> **ASSIGNMENT**:
Print all of the data below exactly as it appears, leaving out every image.

> **COLLECTED MATERIAL**:

::::::::::

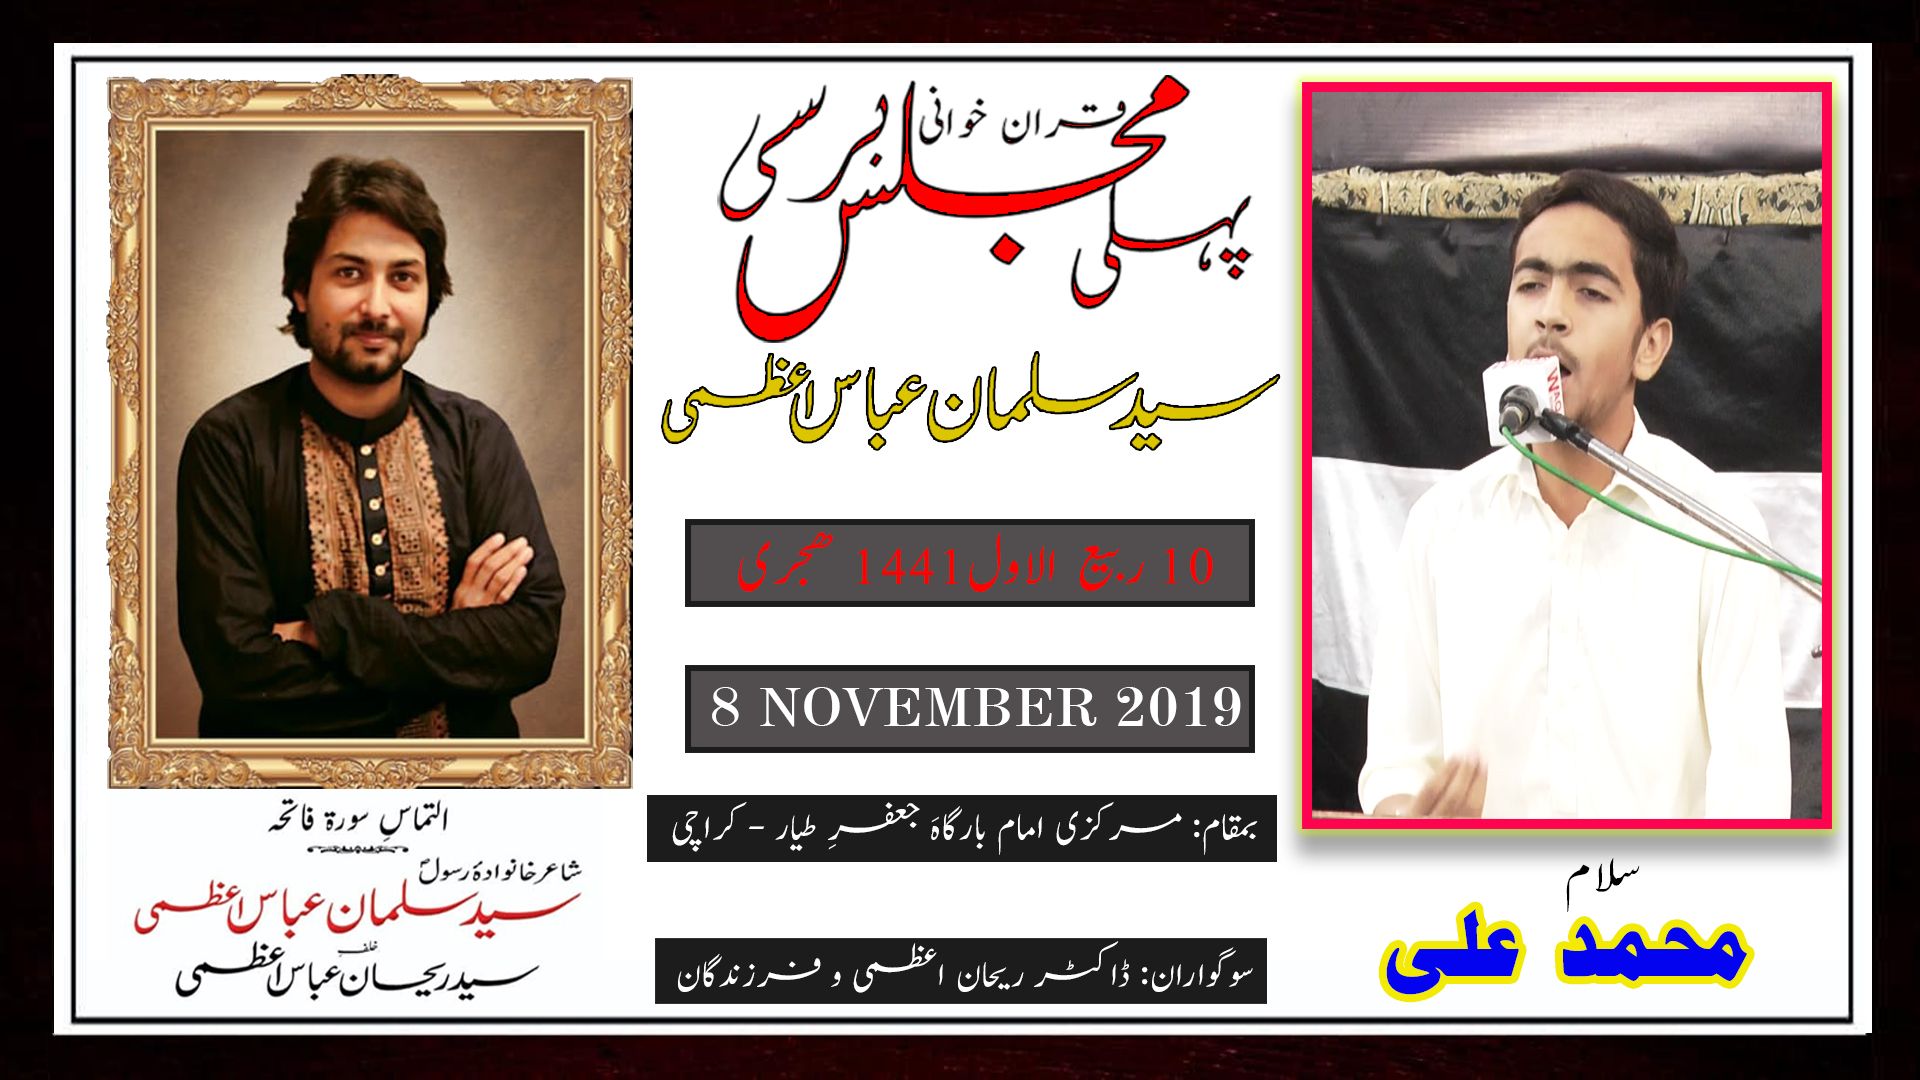 Salam | Muhammad Ali | Majlis-e-Barsi Salman Azmi - Markazi Imam Bargah Malir - Karachi
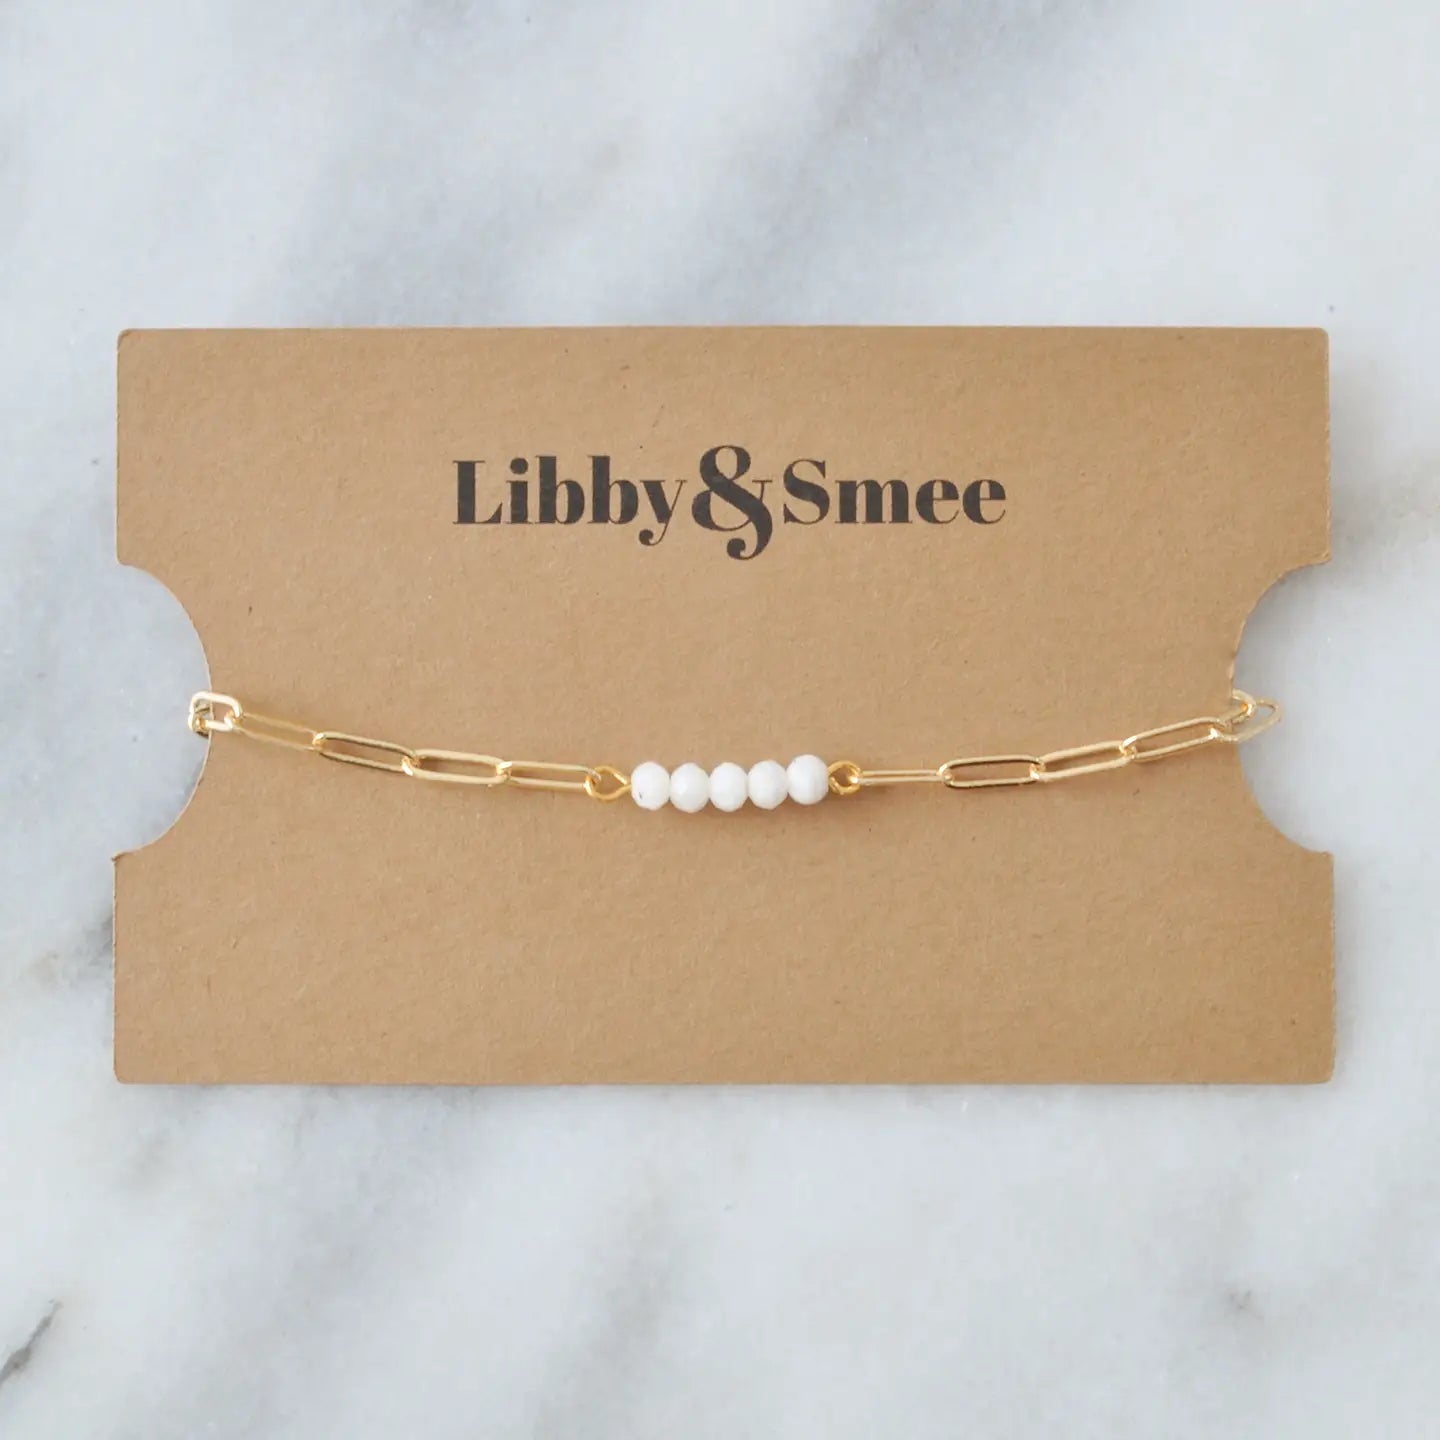 Libby & Smee Gemstone Paper Clip Chain Link Bracelet - Moonstone
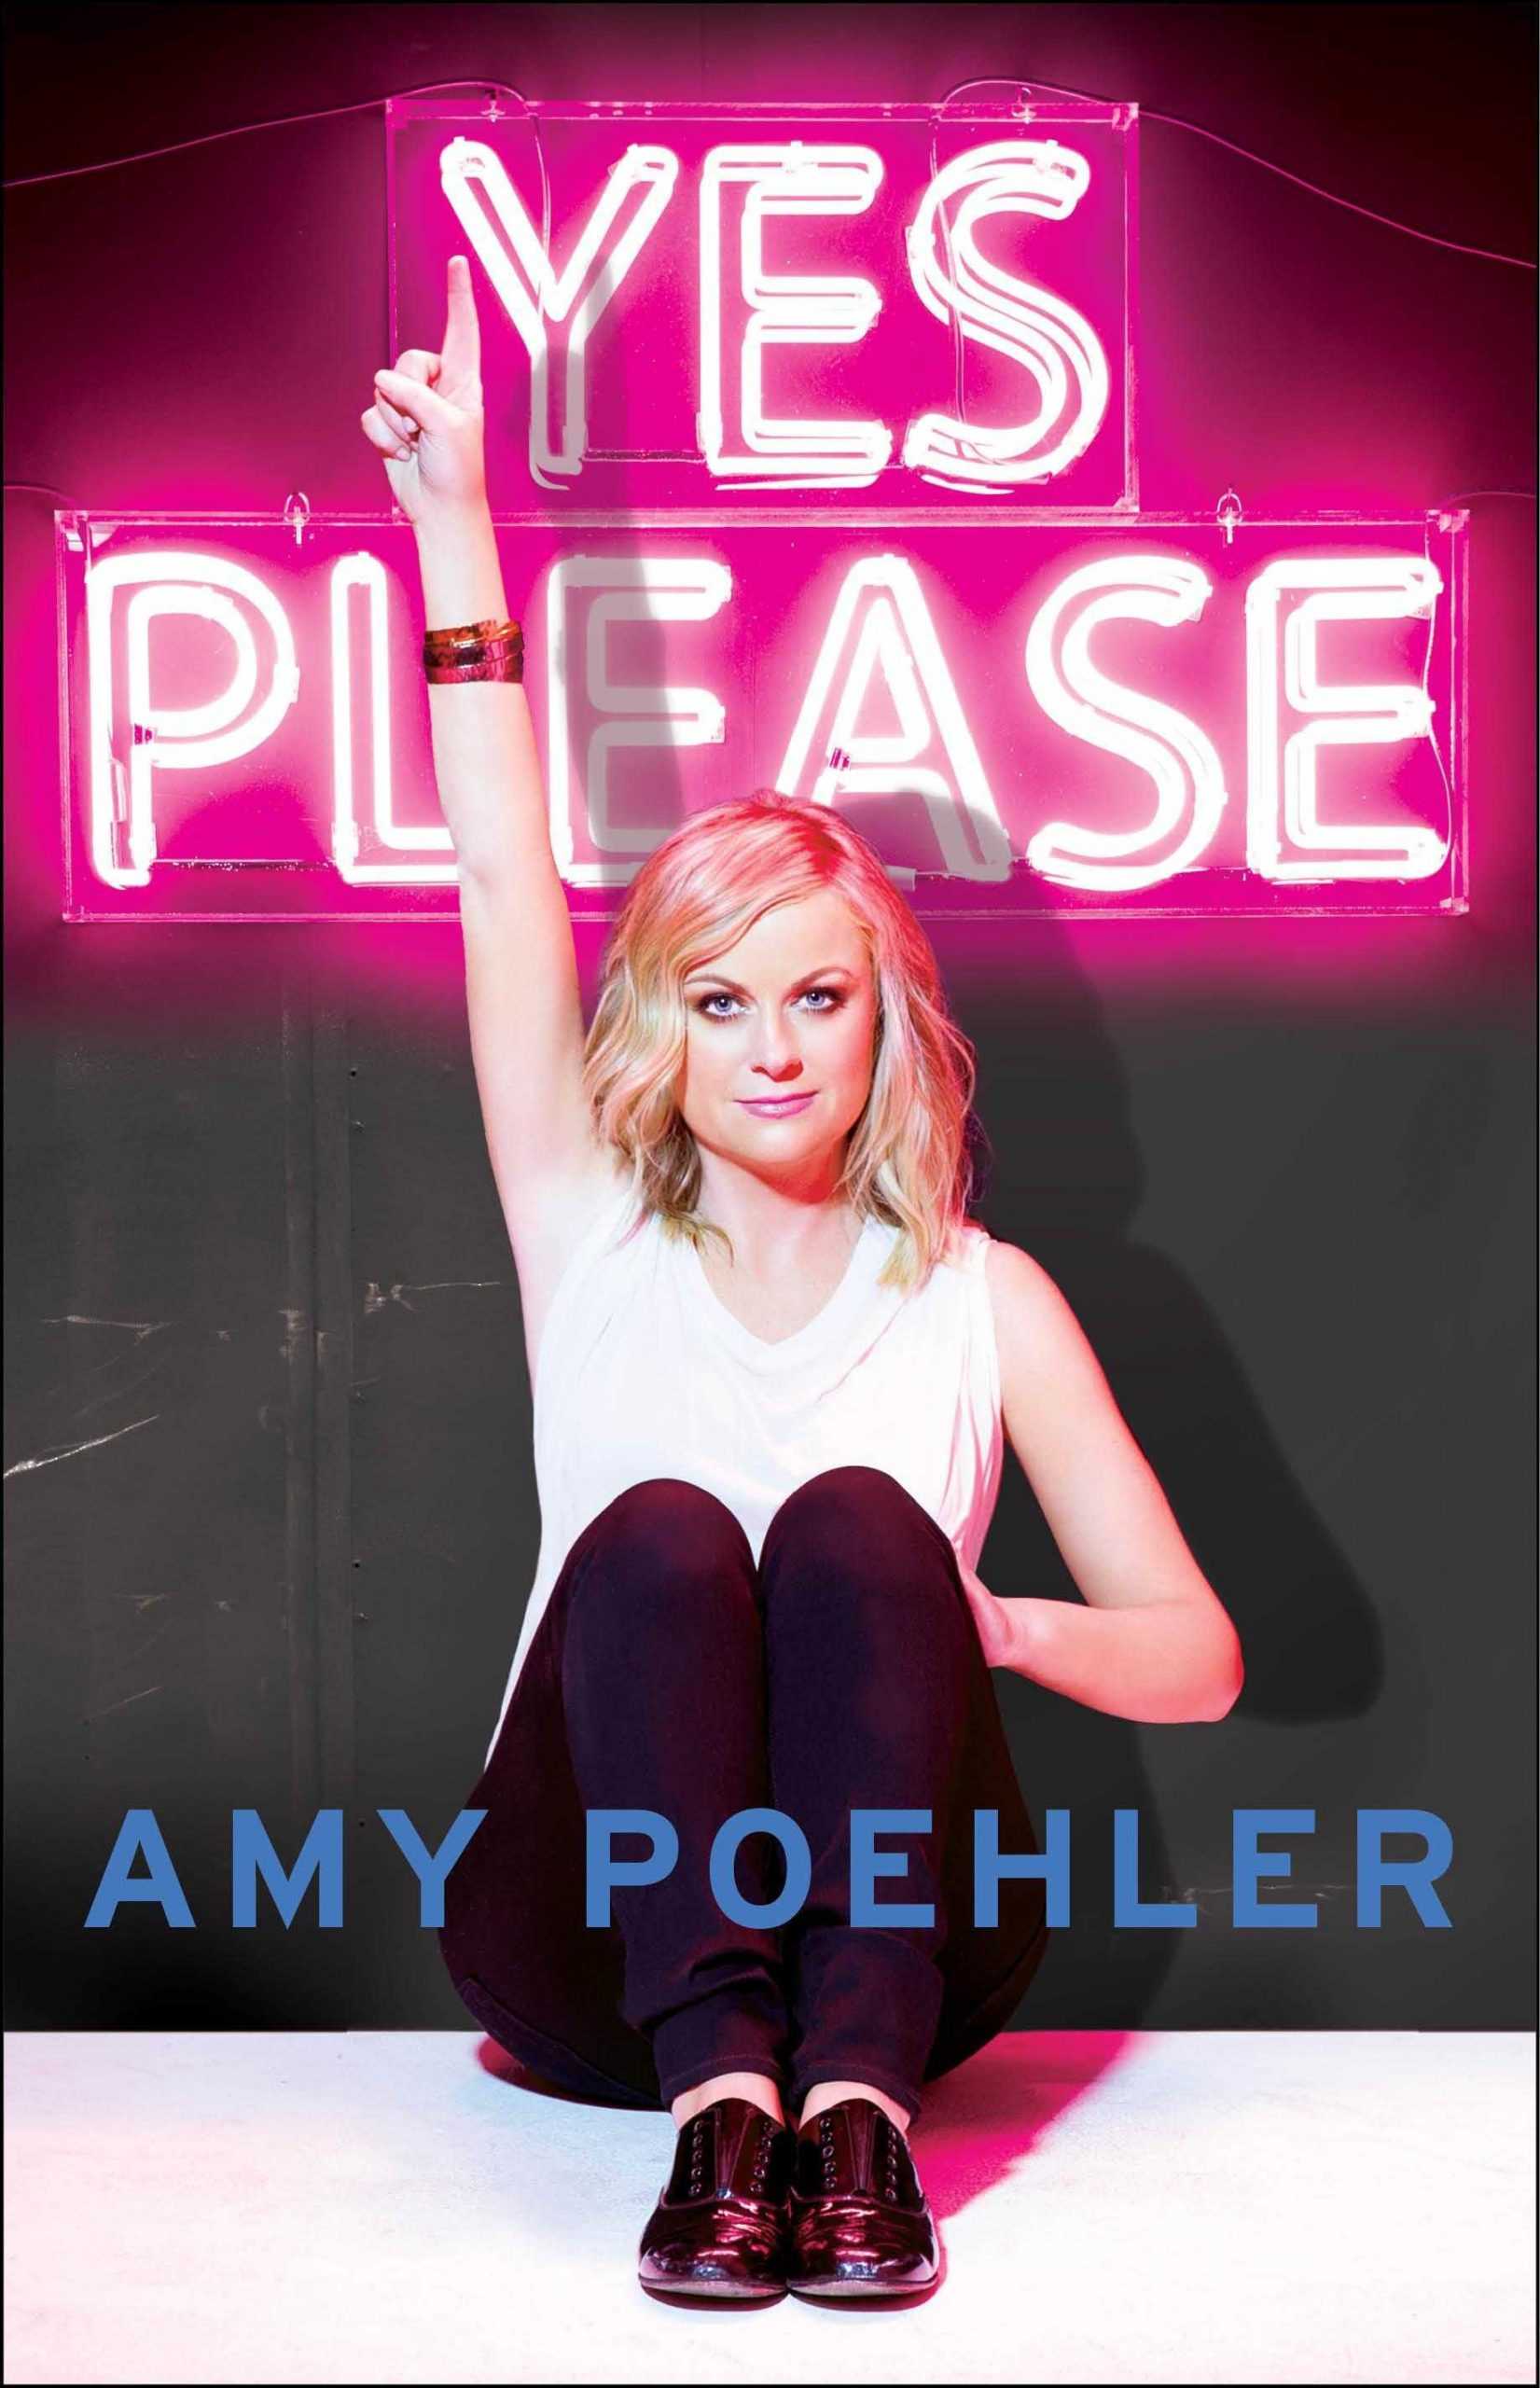 Amy Poehler’s Yes Please

::::::::::

> **EXERCISE RESULT**:
 Salam | Muhammad Ali | Majlis-e-Barsi Salman Azmi - Markazi Imam Bargah Malir - Karachi
 Libby & Smee Gemstone Paper Clip Chain Link Bracelet - Moonstone
 Amy Poehler’s Yes Please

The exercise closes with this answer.